German astronomer (1793–1866)

Karl Ludwig Hencke (8 April 1793 – 21 September 1866) was a German amateur astronomer and discoverer of minor planets. He is sometimes confused with Johann Franz Encke, another German astronomer.

==Biography==
Hencke was born in Driesen, Brandenburg (later Drezdenko, Poland). He volunteered in the Wars of Liberation (Befreiungskriege) for Prussia and was wounded at Lützen. Thereafter he served as post official at various places and finally was elected post master. After his retirement at age 45 for health reasons he lived in his city of birth where he served as city court judge.

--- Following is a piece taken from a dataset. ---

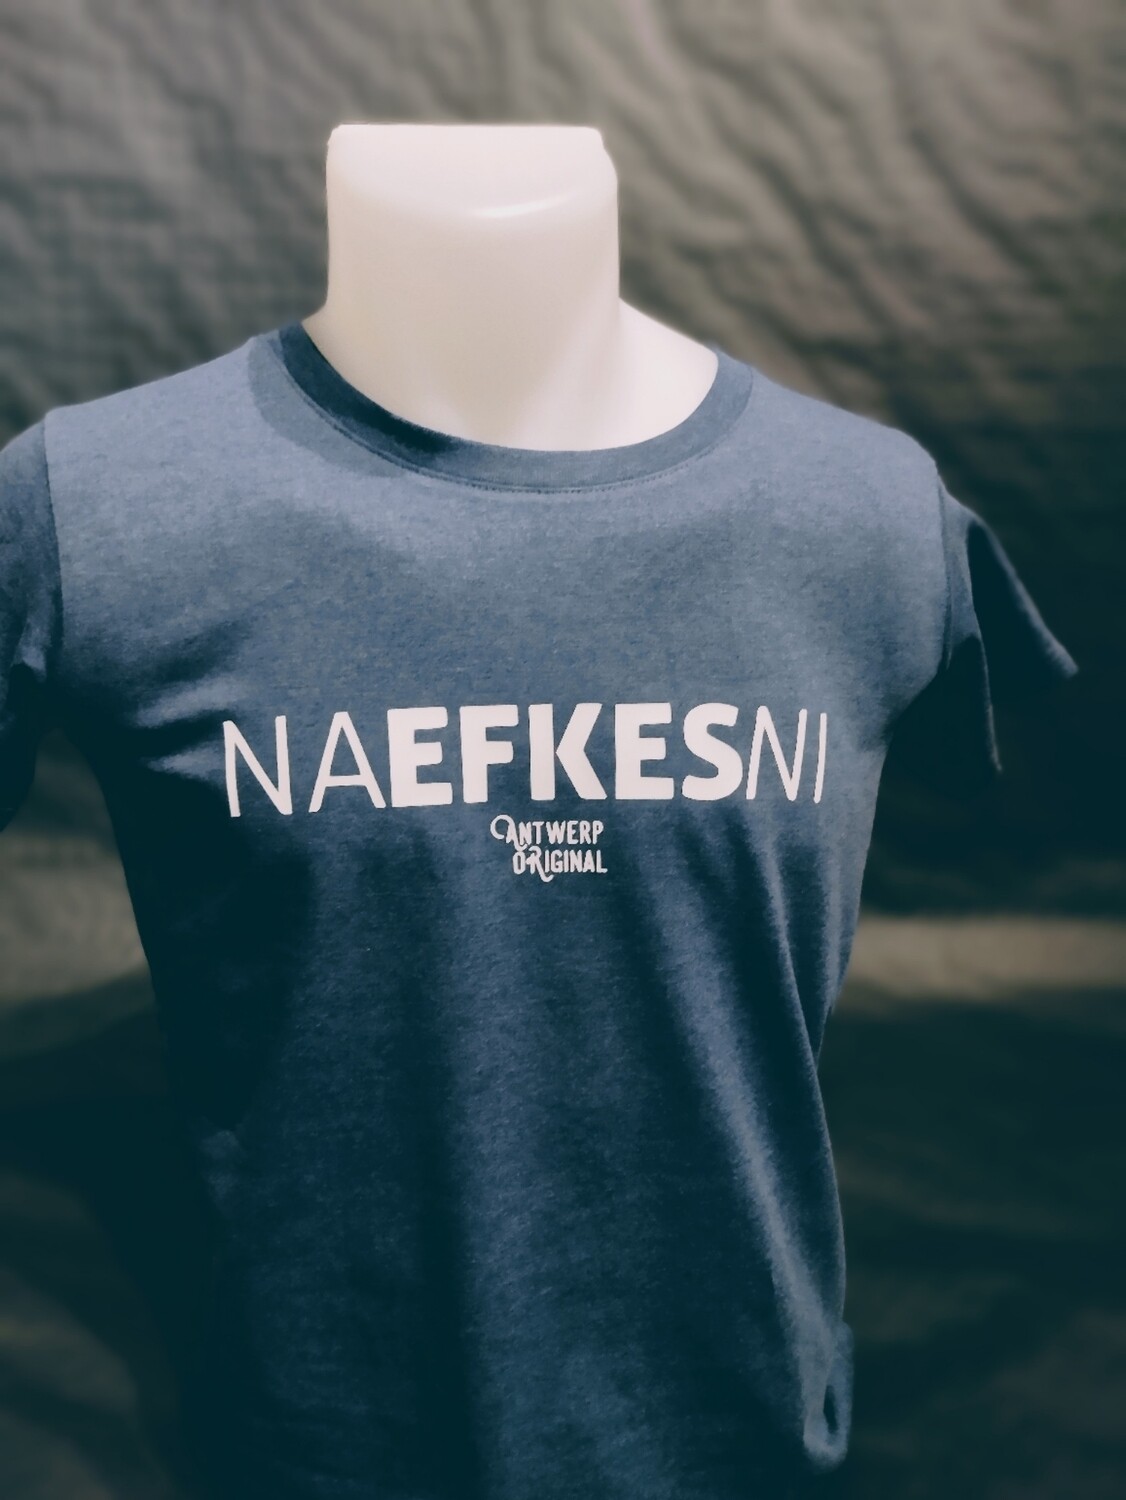 T shirt - Na Efkes Ni

He discovered two asteroids from his private observatory at #9, Kietz (later #43, Kietzerstraße), Driesen, by comparing star maps with the sky seen through his telescope. The first, 5 Astraea, was the first asteroid discovered after the long gap that followed 4 Vesta, which was discovered in 1807. Other astronomers had abandoned their searches for more asteroids, convinced that there were only four. However, Hencke began searching in 1830, and fifteen years later met with success. Two years later he discovered his second asteroid 6 Hebe. He also worked on the improvement of star maps.

He died at the age of 73 in the Prussian town of Marienwerder. The asteroid 2005 Hencke – a main-belt asteroid of the Eunomia family, discovered by Swiss astronomer Paul Wild in 1973, was named in his memory (M.P.C. 4238).